* **TASK TO COMPLETE**
Pictures aside, print all of the data below exactly as written.

#### THE DATA

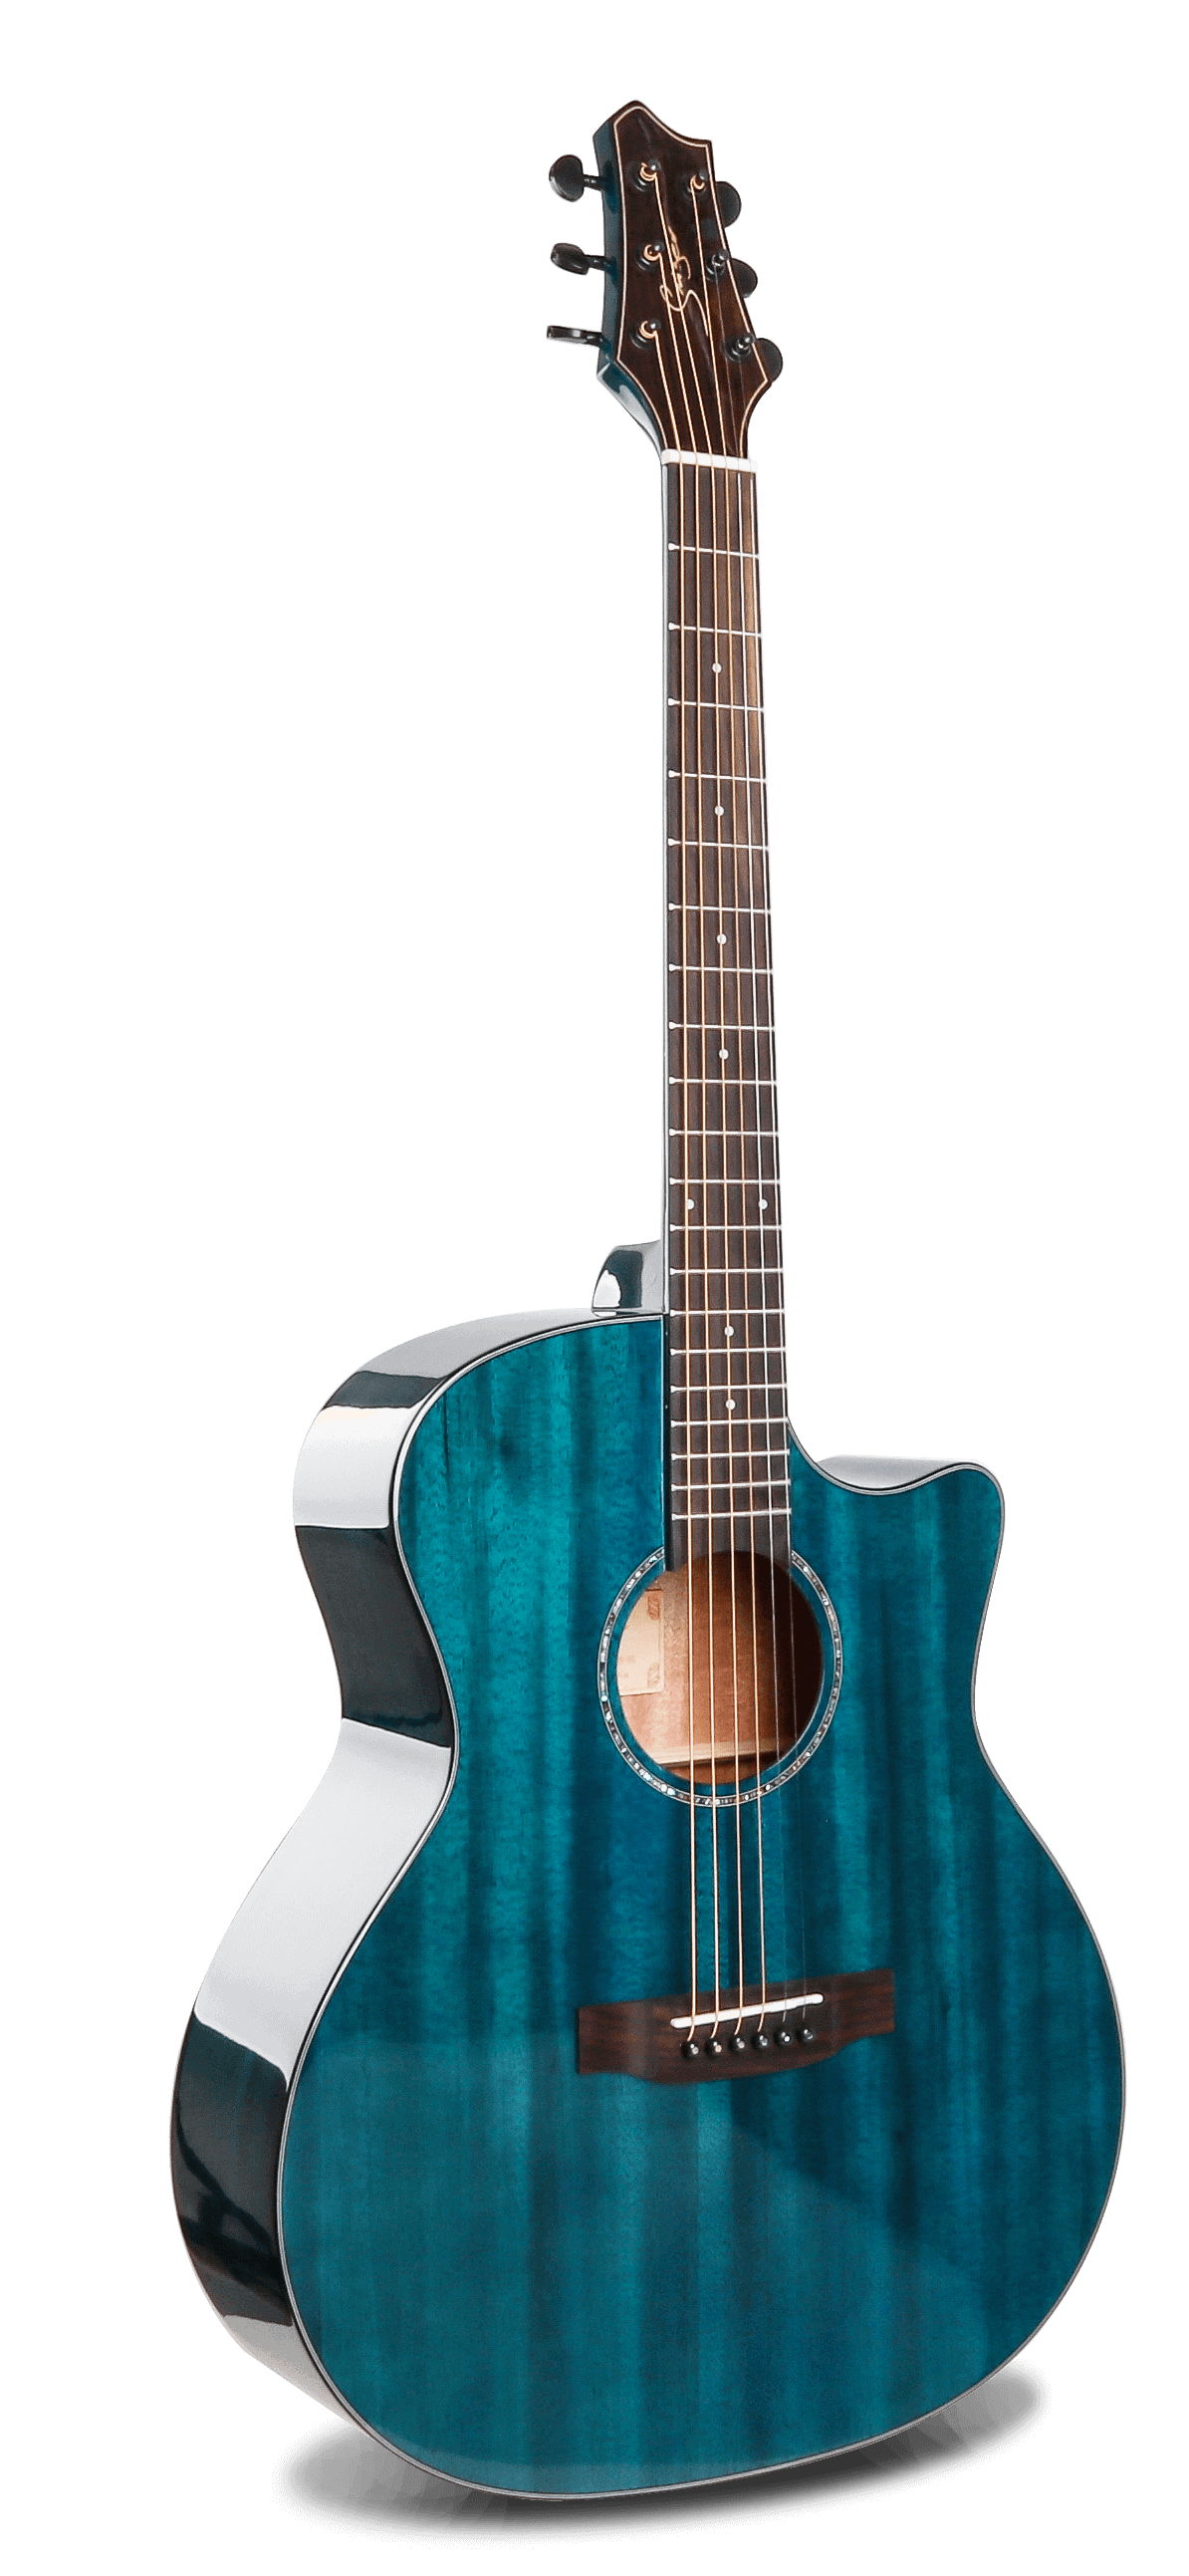 גיטרה אקוסטית סוליד טופ מוגברת Smiger- M-D10S-BL-חלק קדמי של הגיטרה
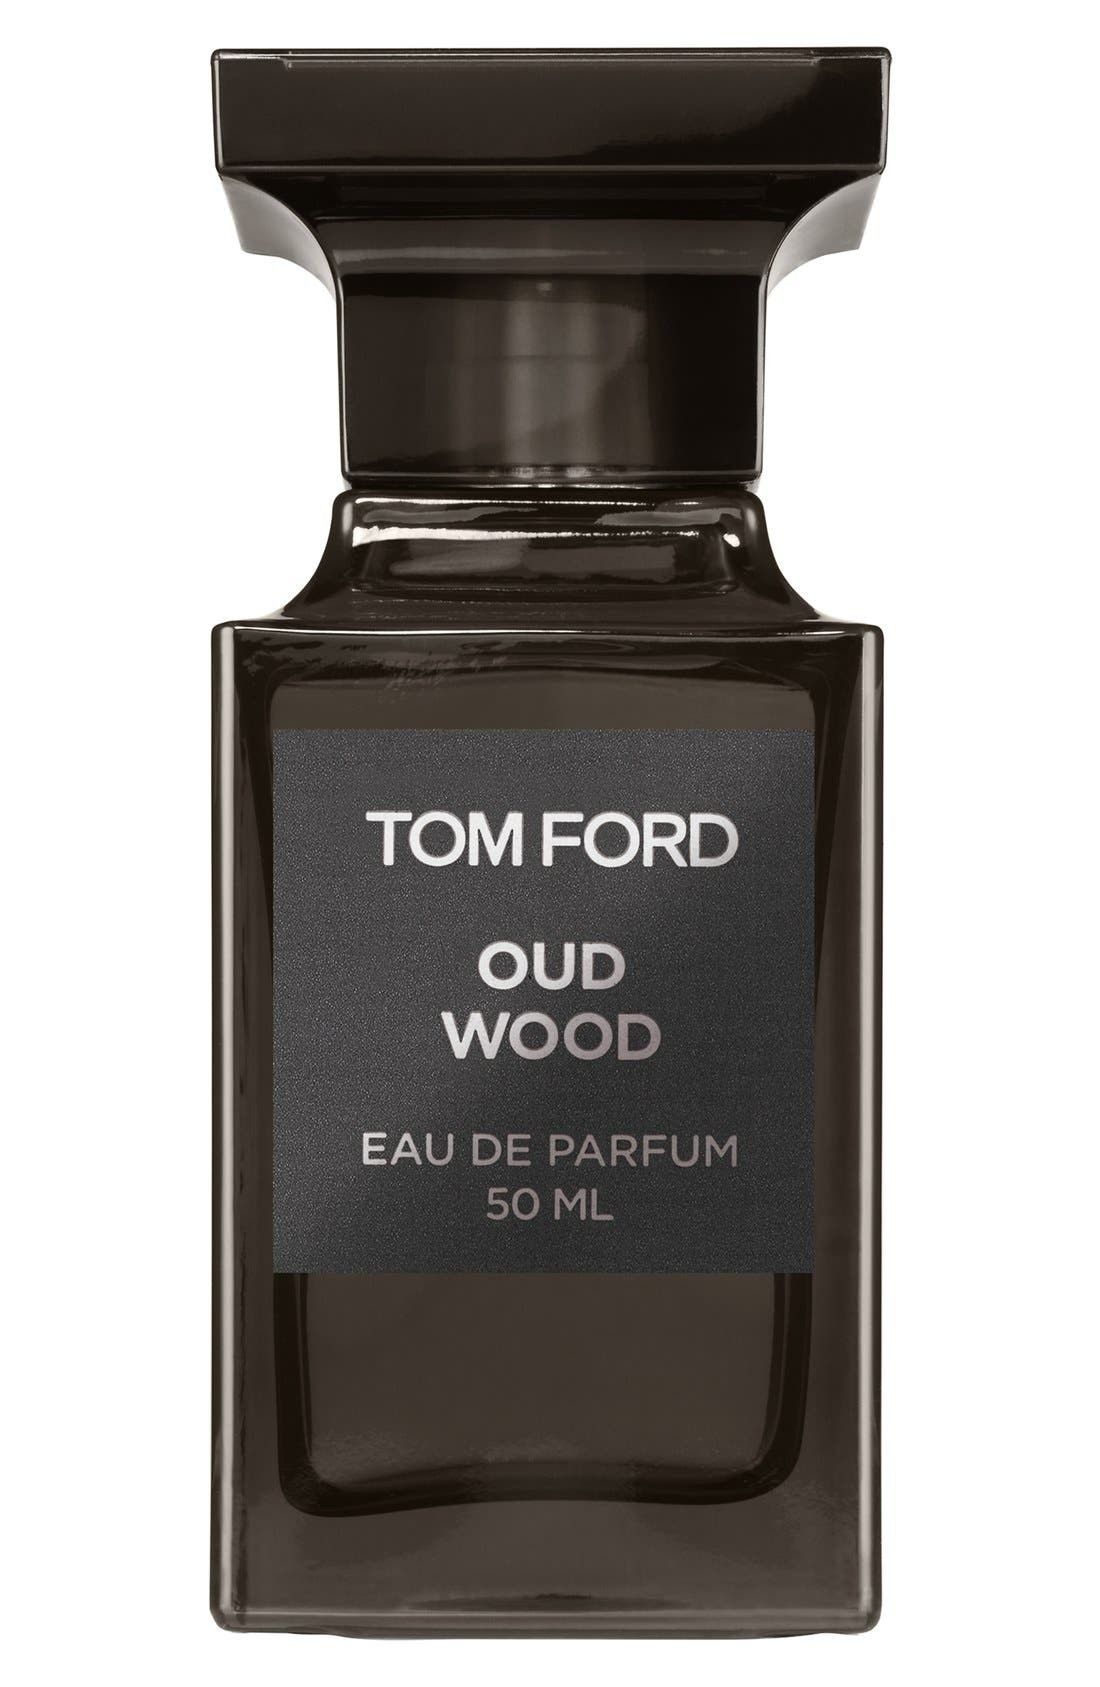 Tom Ford Private Blend Oud Wood Eau de Parfum at Nordstrom, Size 1 Oz | Nordstrom
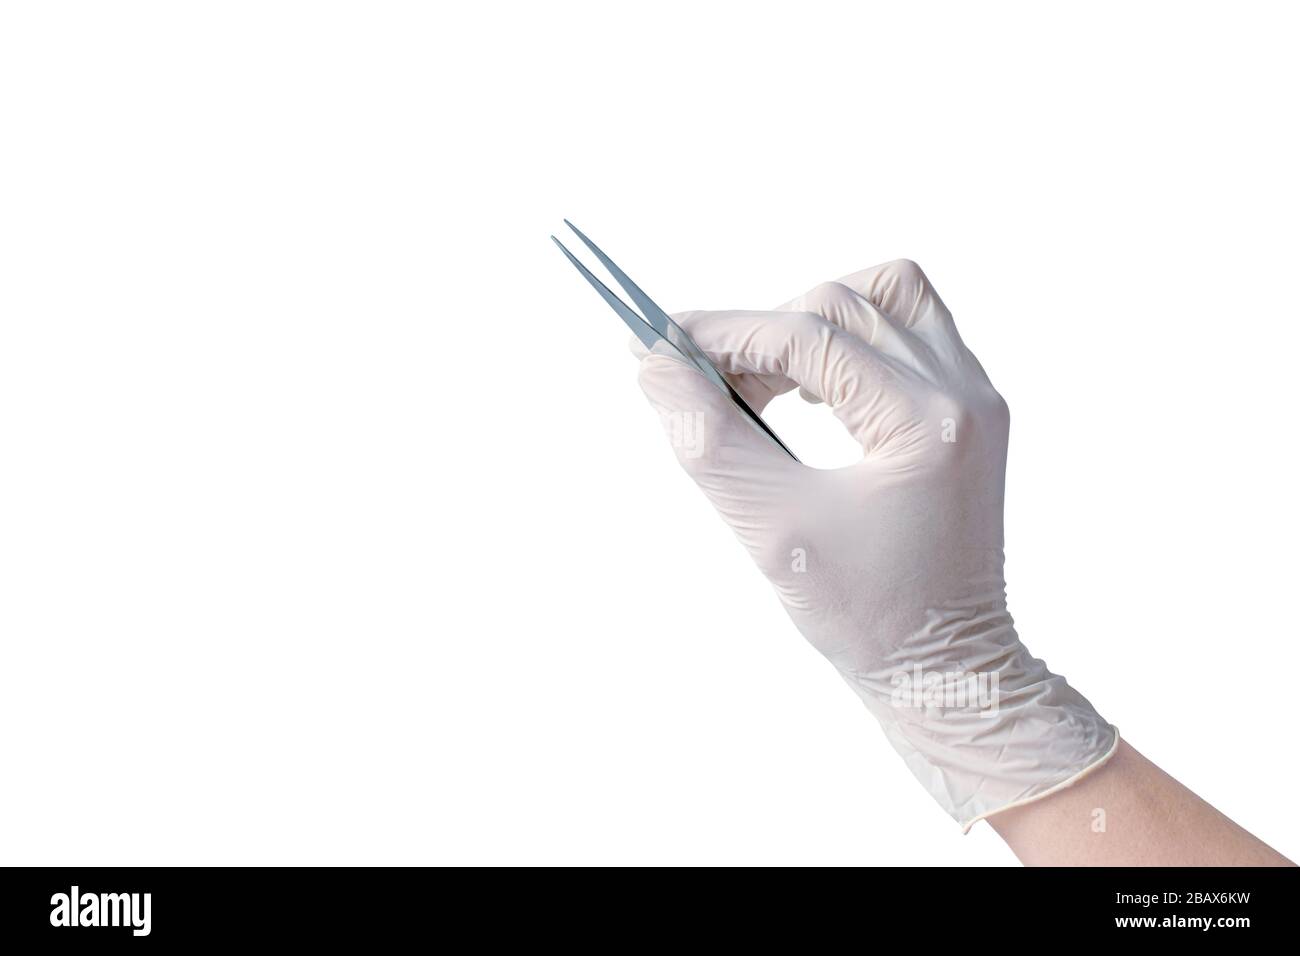 La main femelle portant un gant médical maintient des brucelles métalliques isolées sur blanc Banque D'Images
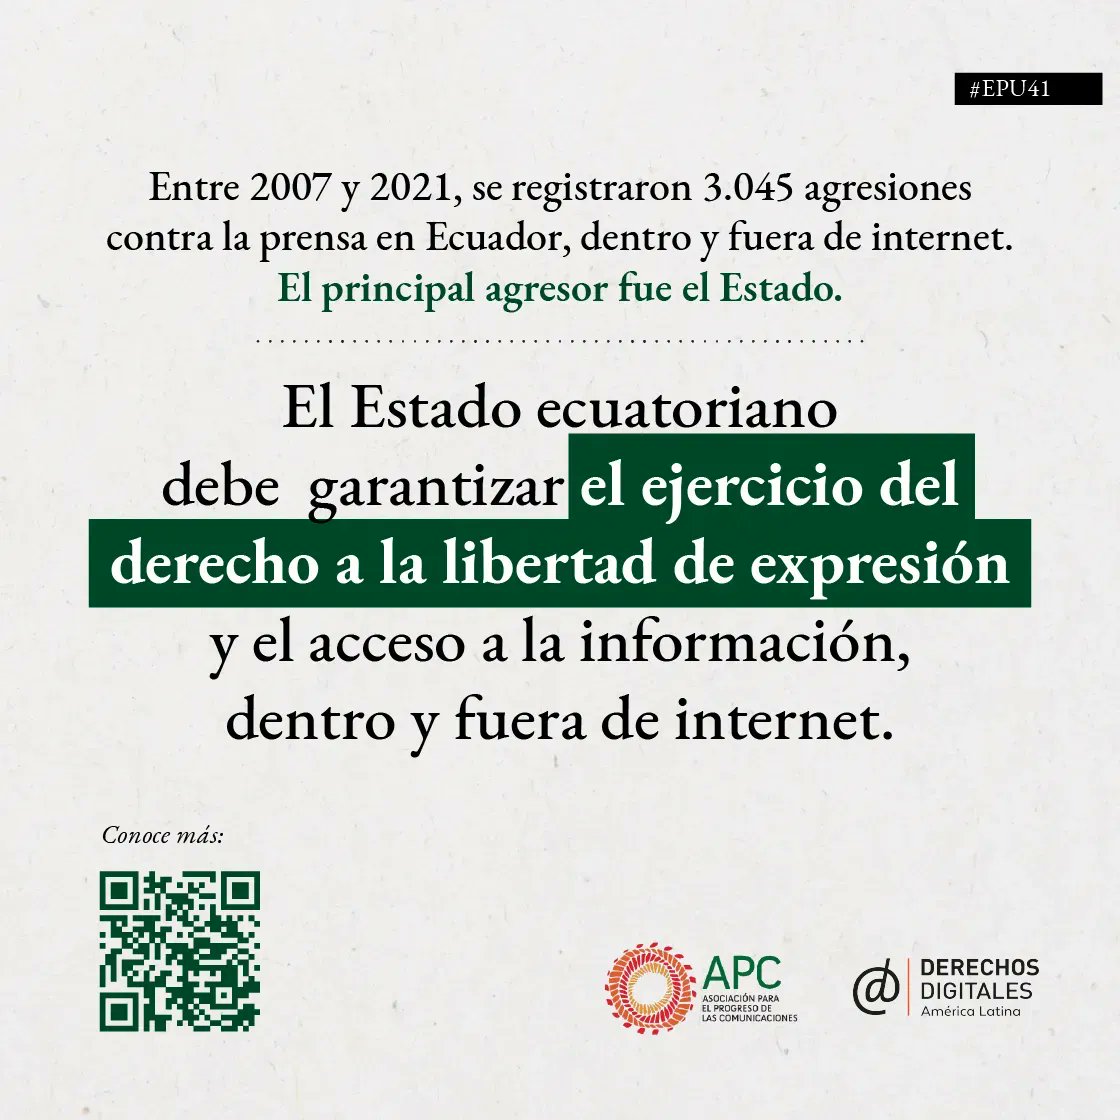 #EPU41 #ECUADOR: El estado ecuatoriano debe garantizar el ejercicio del derecho de la #LibertadDeExpresion

########

* **TASK RESPONSE**
 גיטרה אקוסטית סוליד טופ מוגברת Smiger- M-D10S-BL-חלק קדמי של הגיטרה
 Tom Ford Private Blend Oud Wood Eau de Parfum at Nordstrom, Size 1 Oz | Nordstrom
 La main femelle portant un gant médical maintient des brucelles métalliques isolées sur blanc Banque D'Images
 #EPU41 #ECUADOR: El estado ecuatoriano debe garantizar el ejercicio del derecho de la #LibertadDeExpresion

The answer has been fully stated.